例如，假设您的样本是只包含一项内容（一块水果）的图片。Softmax 可以确定该内容是梨、橙子、苹果等的概率。如果您的样本是包含各种各样内容（几碗不同种类的水果）的图片，您必须改用多个逻辑回归。

下面是mnist，学神经网络肯定会在不同程度上接触mnist数据集，这里我们用dnn的框架来识别mnist图片(cnn效果更佳)。

import numpy as np
from MNIST_data import input_data
from tensorflow.data import Dataset
import tensorflow as tf
import pandas as pd
from tensorflow.contrib import layers
import matplotlib.pyplot as plt

mnist = input_data.read_data_sets('./MNIST_data', one_hot=True)


def random_data(xs, ys):
    df_xs = pd.DataFrame(xs)
    df_ys = pd.DataFrame(ys)
    df_concat = pd.concat([df_xs, df_ys], axis=1)
    df_concat = df_concat.reindex(np.random.permutation(df_concat.index))
    df_concat = df_concat.sort_index()
    df_features = df_concat.iloc[::, 0:784]
    df_targets = df_concat.iloc[::, 784::]
    return np.matrix(df_features), np.matrix(df_targets)

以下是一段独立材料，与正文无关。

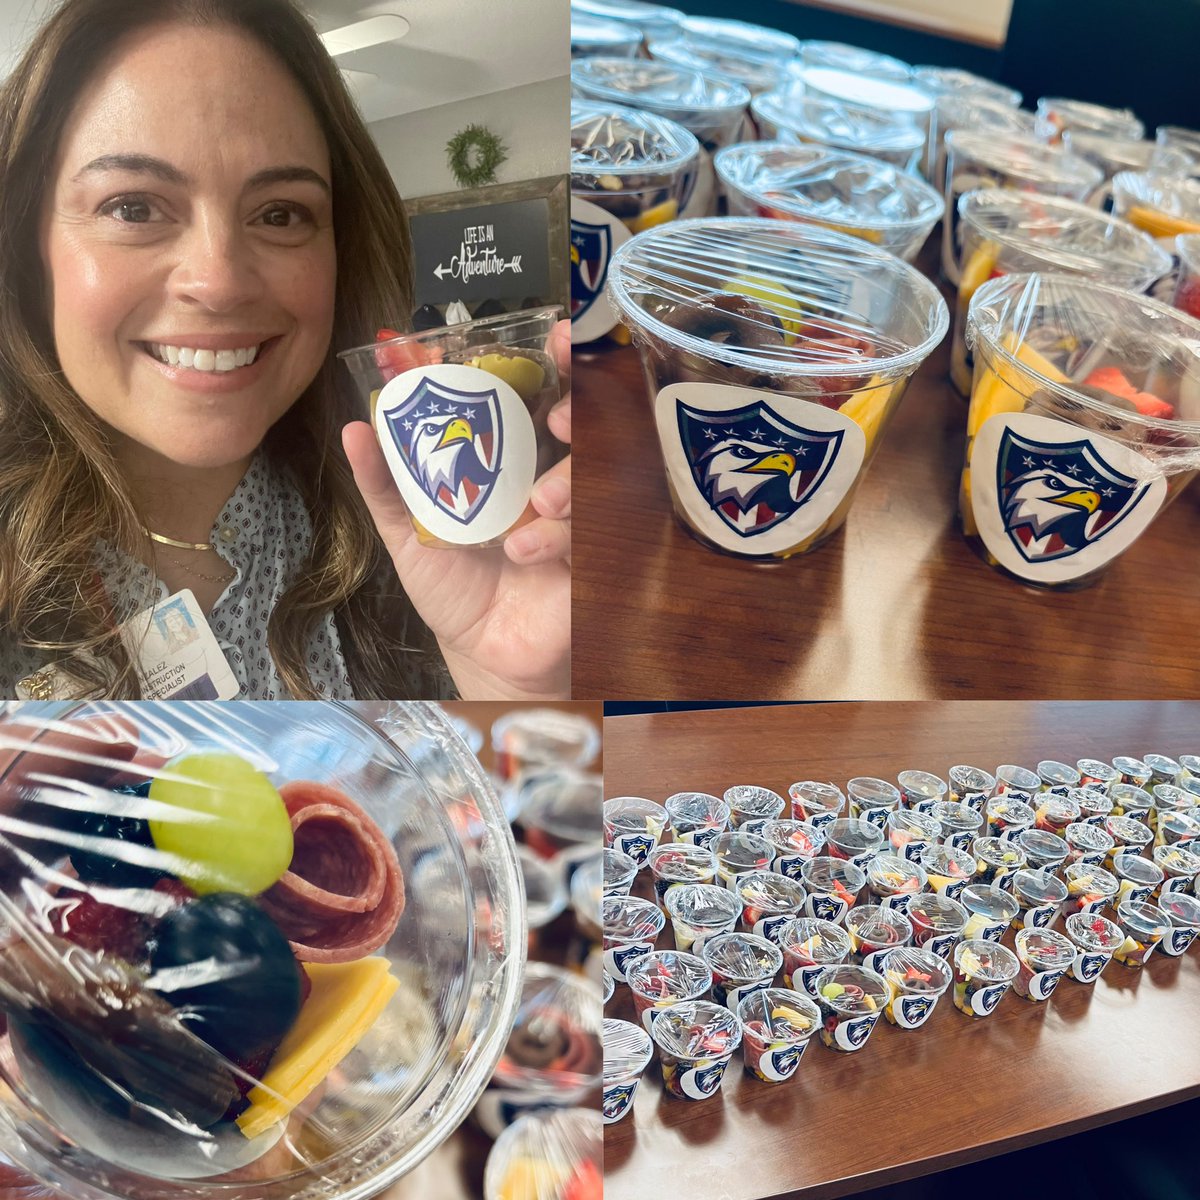 Our Gonzalez family tradition and gift to the wonderful @VMHSEagles. Made with love.🥰Heartfelt thanks to the amazing staff that continues to surround our family with so much love and support. Eagle family, always.❤️💙🦅🌟@rgonzalez1414🕊️

def my_input_fn(features, labels, batch_size=1, num_epochs=1, shuffle=False):
    ds = Dataset.from_tensor_slices((features, labels))
    ds = ds.batch(batch_size).repeat(num_epochs)
    if shuffle:
        ds.shuffle(10000)
    features, labels = ds.make_one_shot_iterator().get_next()
    return features, labels


def add_layer(inputs, inputs_size, outputs_size, activation_function=None):
    weights = tf.Variable(tf.random_normal([inputs_size, outputs_size], stddev=.1))
    tf.add_to_collection('loss', layers.l1_regularizer(0.001)(weights))
    biases = tf.Variable(tf.zeros([outputs_size]) + 0.1)
    wx_b = tf.matmul(inputs, weights) + biases
    if activation_function is None:
        outputs = wx_b
    else:
        outputs = activation_function(wx_b)
    return weights, biases, outputs


def _loss(pred, ys):
    loss = -tf.reduce_sum(ys*tf.log(pred))
    loss_total = loss + tf.add_n(tf.get_collection('loss'))
    return loss_total


def train_step(learning_rate, loss):
    train_step = tf.train.AdamOptimizer(learning_rate).minimize(loss, global_step=global_step)
    return train_step


def accuracy(vx_pred, vy):
    correct_prediction = tf.equal(tf.argmax(vx_pred, 1), tf.argmax(vy, 1))
    accuracy = tf.reduce_mean(tf.cast(correct_prediction, tf.float32))
    return accuracy


xs = mnist.train.images
ys = mnist.train.labels
ys = ys.astype('float32')
xs, ys = random_data(xs, ys)
vx = mnist.validation.images
vy = mnist.validation.labels
vy = vy.astype('float32')
global_step = tf.Variable(0, trainable=False)
start_learning_rate = .001
lr = tf.train.exponential_decay(start_learning_rate, global_step, 100, 0.95, staircase=True)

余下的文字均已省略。